ここまで言って、太刀川さんはらしくなく難しい表情を作る。言うか言うまいか迷っているような。どことなく、寂しそうに見えたのは気のせいだろうか。

「人はいつ死ぬかわからないなと思ったんだよ」

それはさっき聞いたし、まだ言葉は足りない気がするけど、なるほど、前提を話してくれるとそれなりにわかった。太刀川さんが遠征先でどれほど壮絶な体験をしたのかを。当たり前の自由と権利がまがりなりにも約束されている日本では考えられないほど、生死の価値基準が揺らぐようなことを見たりしたのかもしれない。でもそれがどうして私が太刀川さんを殺さなくてはいけないことになるのか。太刀川さんの口調は妙に真剣で、変に聞き返さない方がいいと思った。だから私は黙ってその先を促す。

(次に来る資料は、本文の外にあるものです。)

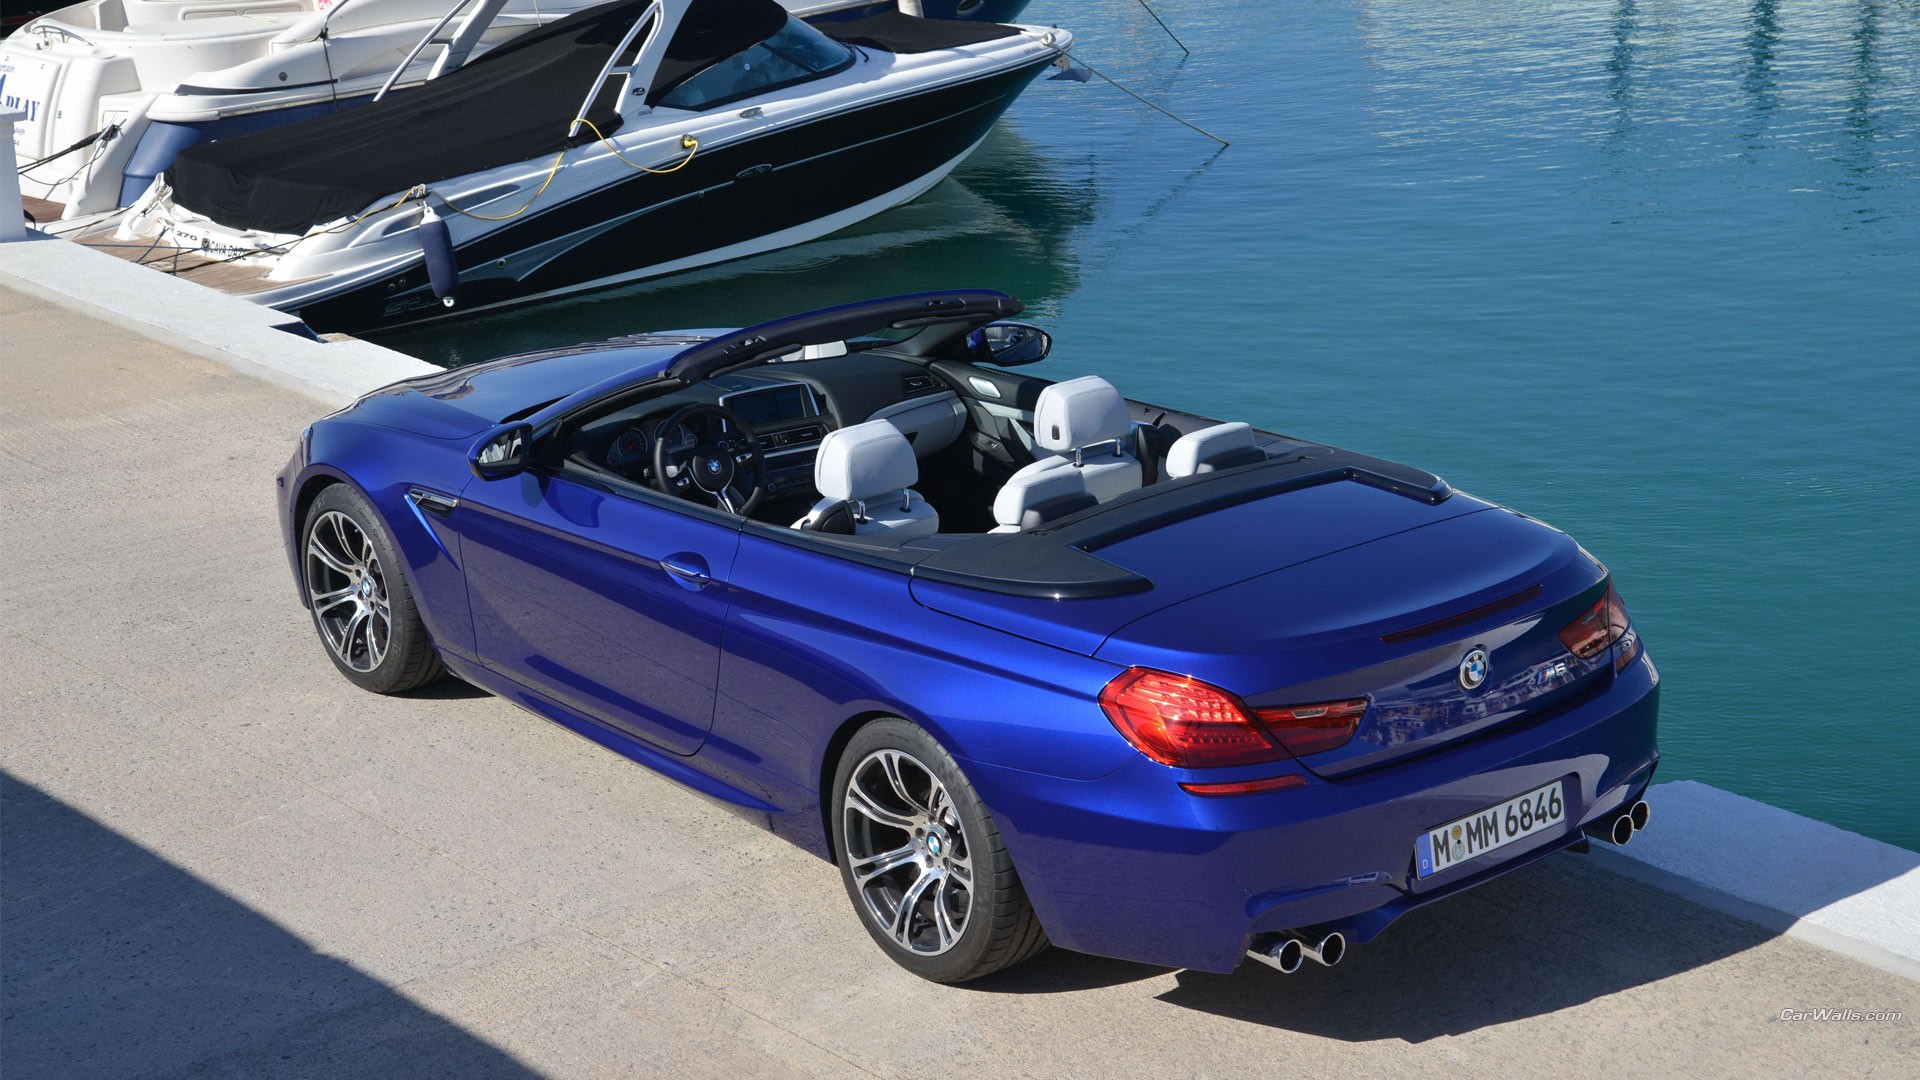 General 1920x1080 BMW M6 convertible blue cars high angle BMW 6 Series BMW F12/F13/F06 BMW car vehicle boat

「だから、どうせ死ぬなら、お前の手にかかって死にたいだろ」
「…………」
「森島が俺を殺せば、俺が死んだあともお前の中の1番になれる。だってお前は……トリオン体の人間を落とすだけで、そんなにも罪悪感を感じる奴だ」

対人戦で相手を落とすたびに膨れ上がる罪悪感。本当に人を手にかけたらと、想像するとぞっとする。もしそんなことになったら、心が押しつぶされそうになりながらその後の人生を生きていくしかない。それは嫌だ。

「……私は太刀川さんを殺したくないですよ」
「だろうな。けど俺がもし死んで、次第に森島の中から薄れていくってなら、一生お前の罪になれる方が、俺はいい」

たとえ先に太刀川さんが死んでも、罪という形でなら、一生私と共にいられる。そういうことらしい。太刀川さんの心は空っぽのまま満たされることがこれまでなくて、私の師匠で恋人という立場にいてもまだ足りないのだろうか。……言っていることは人からしてみれば狂気だろうが、それでもその気持ちだけは嬉しいと思ってしまう私も大概おかしいのかもしれない。でも。

「だいたい、どうして太刀川さんが死ぬこと前提なんですか。生きててくれないの」
「そうは言っても、俺だって死ぬ時は死ぬしな」
「じゃあ、太刀川さんが死んだら私も死にます」

私は太刀川さんを殺してまで生きたくない。

「それならいいでしょ」

私がそう返すのが意外だったのか、太刀川さんは面食らったようで。

「……俺が死んでも、お前には生きていてほしいんだが」

そう言う太刀川さんは、今まで見たことないくらいひどく優しい表情をしていた。
どうして、ずるいですよ、勝手じゃないですか。私はいずれ来るかもしれない未来に怯えるしかない。太刀川さんを殺すために、太刀川さんのもとで剣を磨くなんて、どうかしてる……のに、太刀川さんの空虚なその心を目の前にして、私はこれ以上何も言えなかった。